For two weeks I’m at Biola University in California, and am taking an excellent course on biblical narrative or storying. Dr. Tom Steffen is teaching the course, and even after the first day I’m finding if very helpful as there is much discussion by the professor and students who come from around the world.
In the West, we have a cultural bent for literary learning, reading books and a learning method that flowed from our Greek heritage. It must be clarified that this is changing, as many young people today do not read books but prefer to learn through video or other ways. In fact, in surveys done over the past 20 years, they found that the number of young people who have not read a single book in the last year has dramatically increased. Attention spans have radically diminished down to as short as 8 seconds on average. However, young people are reading, but they are reading smaller increments, such as blog postings and 140-character-max tweets. In fact, social media is a form of digital orality. Be that as it may, many people in the West still learn by reading.
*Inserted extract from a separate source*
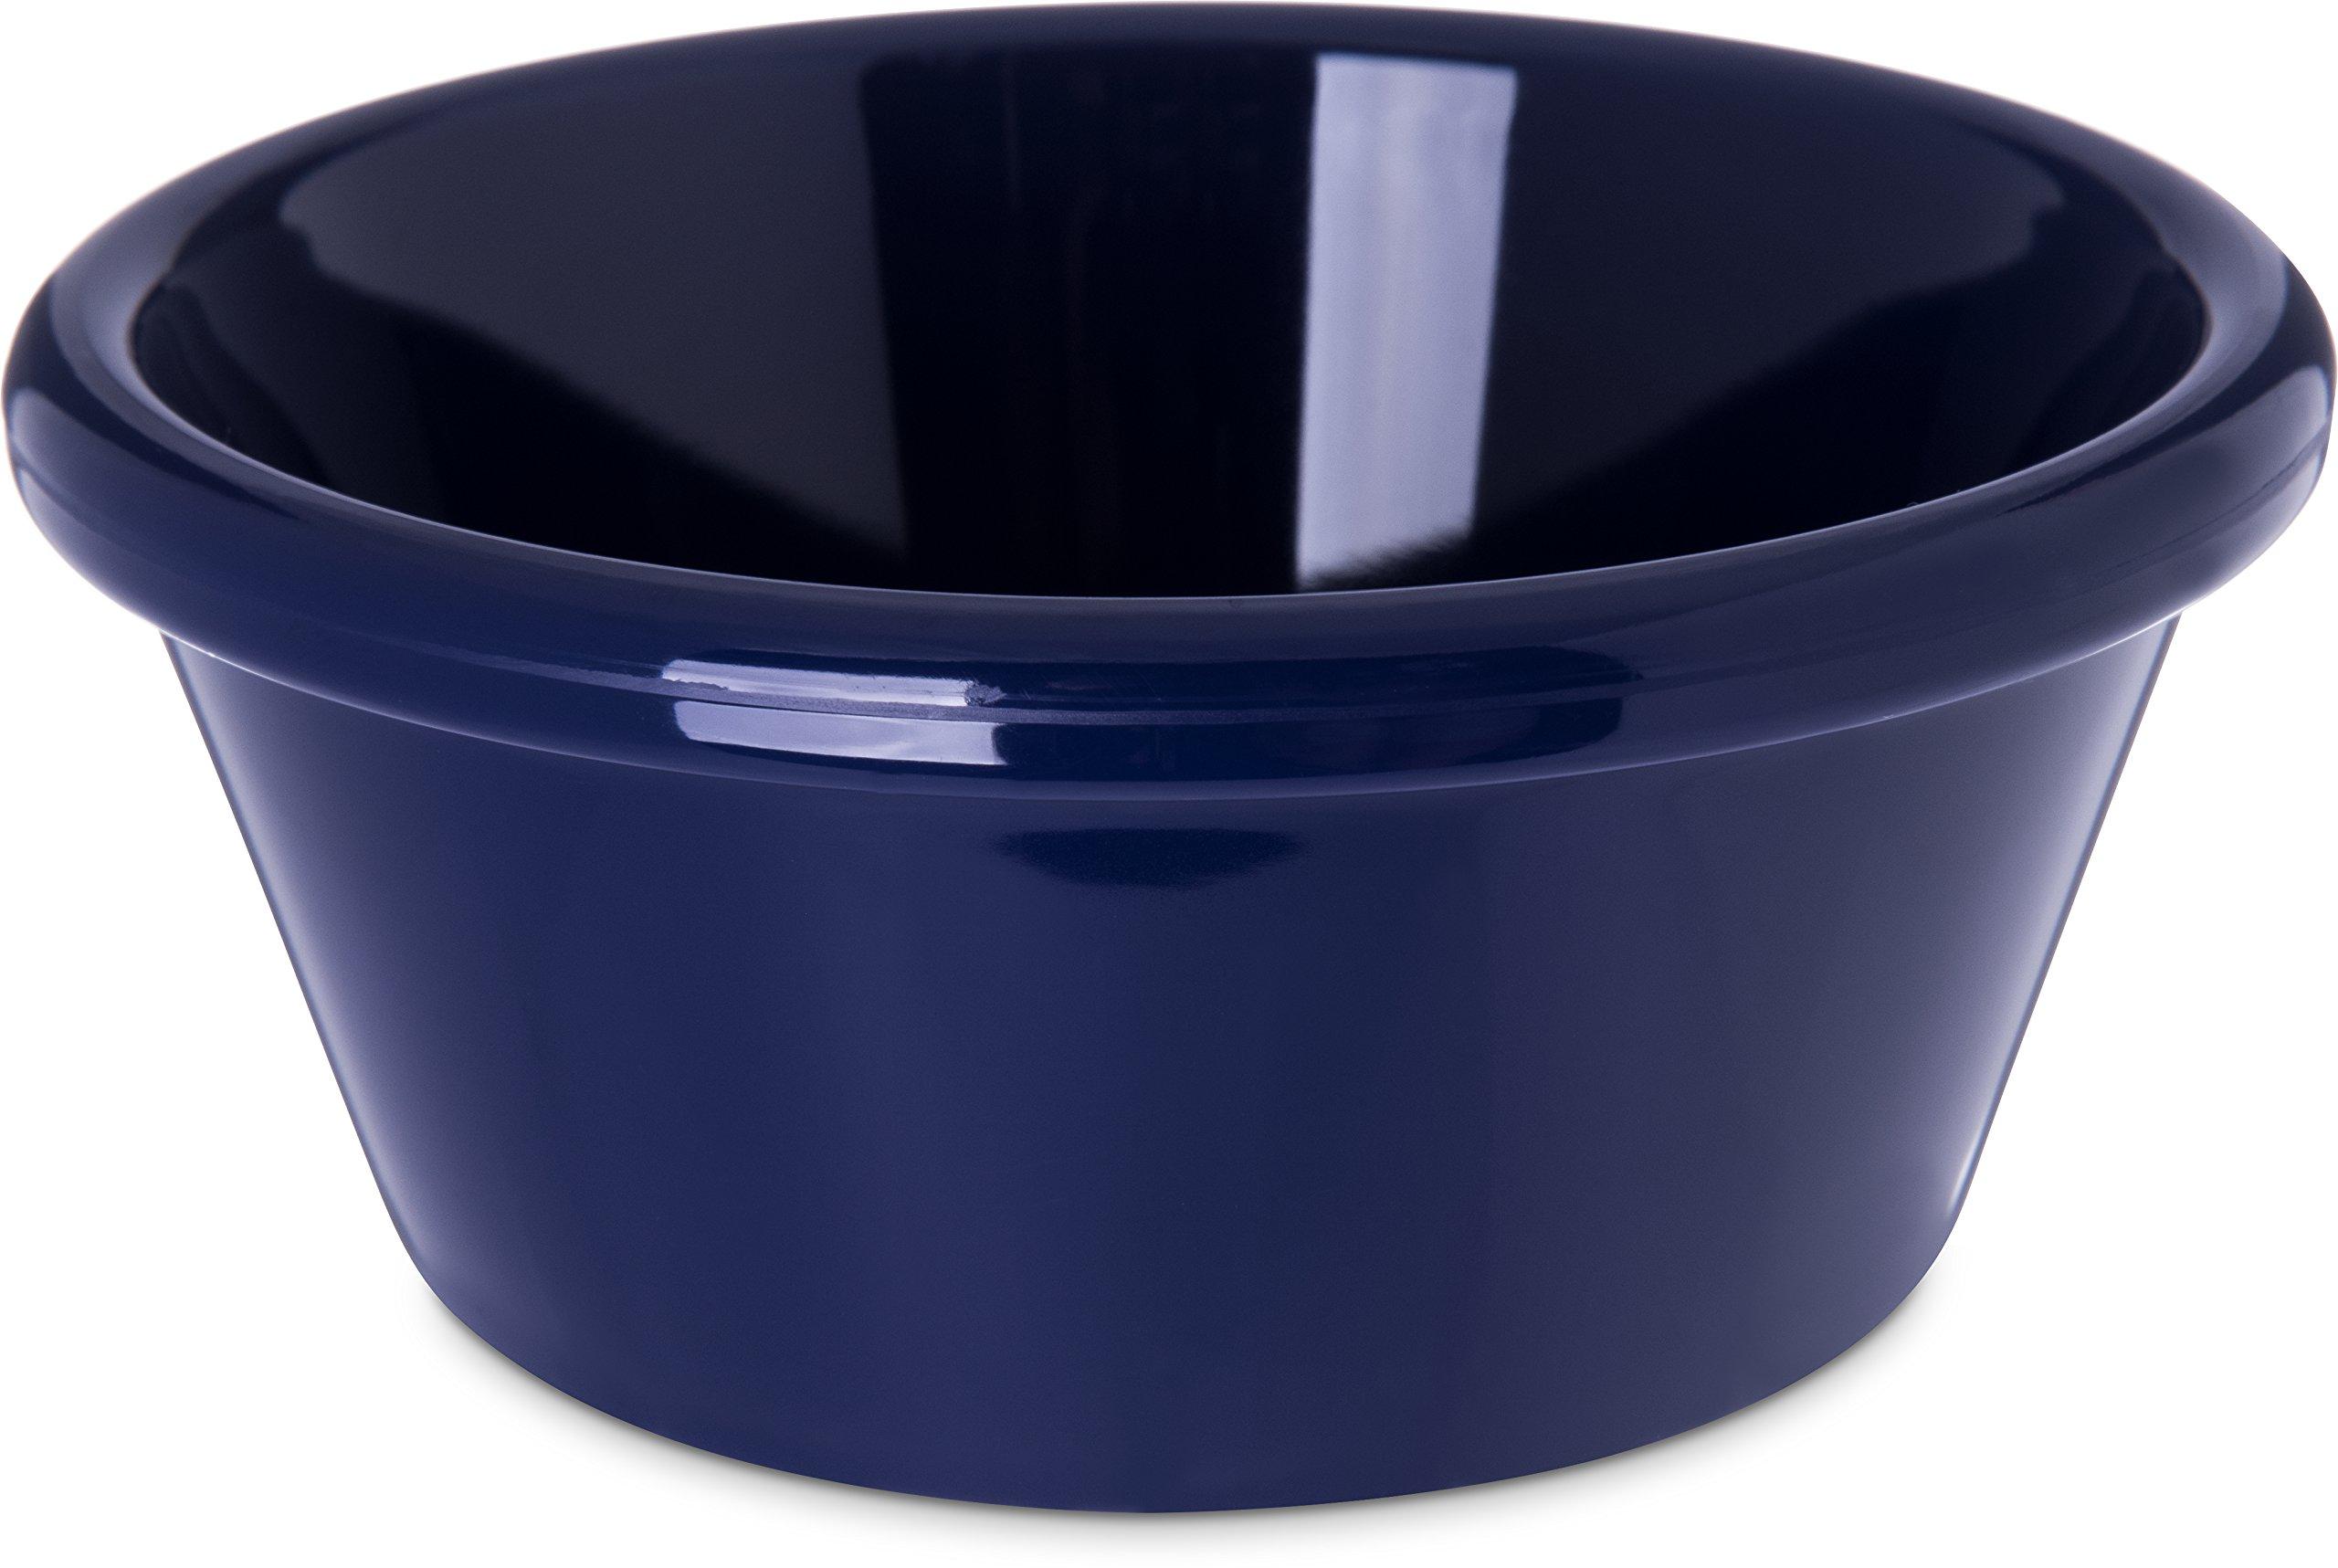 Carlisle 4312660 SAN Smooth Ramekin, 6 oz Capacity, 1.80'' x 3.90'', Cobalt Blue (Case of 48)

However, this is not true in most other parts of the world. Various oral or aural methods of learning are preferred by people globally. While stories take time to communicate, everyone enjoys them much more than mere propositional truths, and they are much easier to remember and reproduce. In fact, the Bible is composed of 65-75% stories as God’s chosen method for how he wanted to communicate his message. God’s Storybook is the framework for how he would communicate all the other elements he wanted us to learn, such as how to have a devotional life with him, how to make it through life successfully, his expectations for us in morality and rules and all the many propositional truths he gives us. God chose to communicate his message in written form but it was also and primarily communicated orally to the original audience. So there must be a way of blending oral and literary benefits to grasp the fullest understanding possible of God’s message.
Orality, which is much broader than storying, includes many aspects such as oral, aural, visual, digital, and social . So what is orality? According to Dr. Steffen, orality denotes pedagogical preferences designed to process, remember, and communicate verbally and pictorially through social connections, rather than through literate forms. While we in the West like to break things down into their individual fragments or pieces, globally most people like to put the parts together into the whole, seeing how everything is connected.
Much of the work I do in training African pastors is helping them to learn to read, study, understand and apply the written Word of the Bible. However, my goal is not to move them from oral learners to literary learners, but to augment their very capable oral learning style with a new learning style, literary learning.
I’m hoping to also deal with the issue of the author’s intent in biblical stories and what he was wanting to communicate which sets the standard for what any subsequent biblical storyteller must also communicate rather than just sharing the story with their own interpretation. These and many other elements of narrative will be our focus for these two weeks. It should be a good journey, and I’m sure I’ll be sharing more along the way.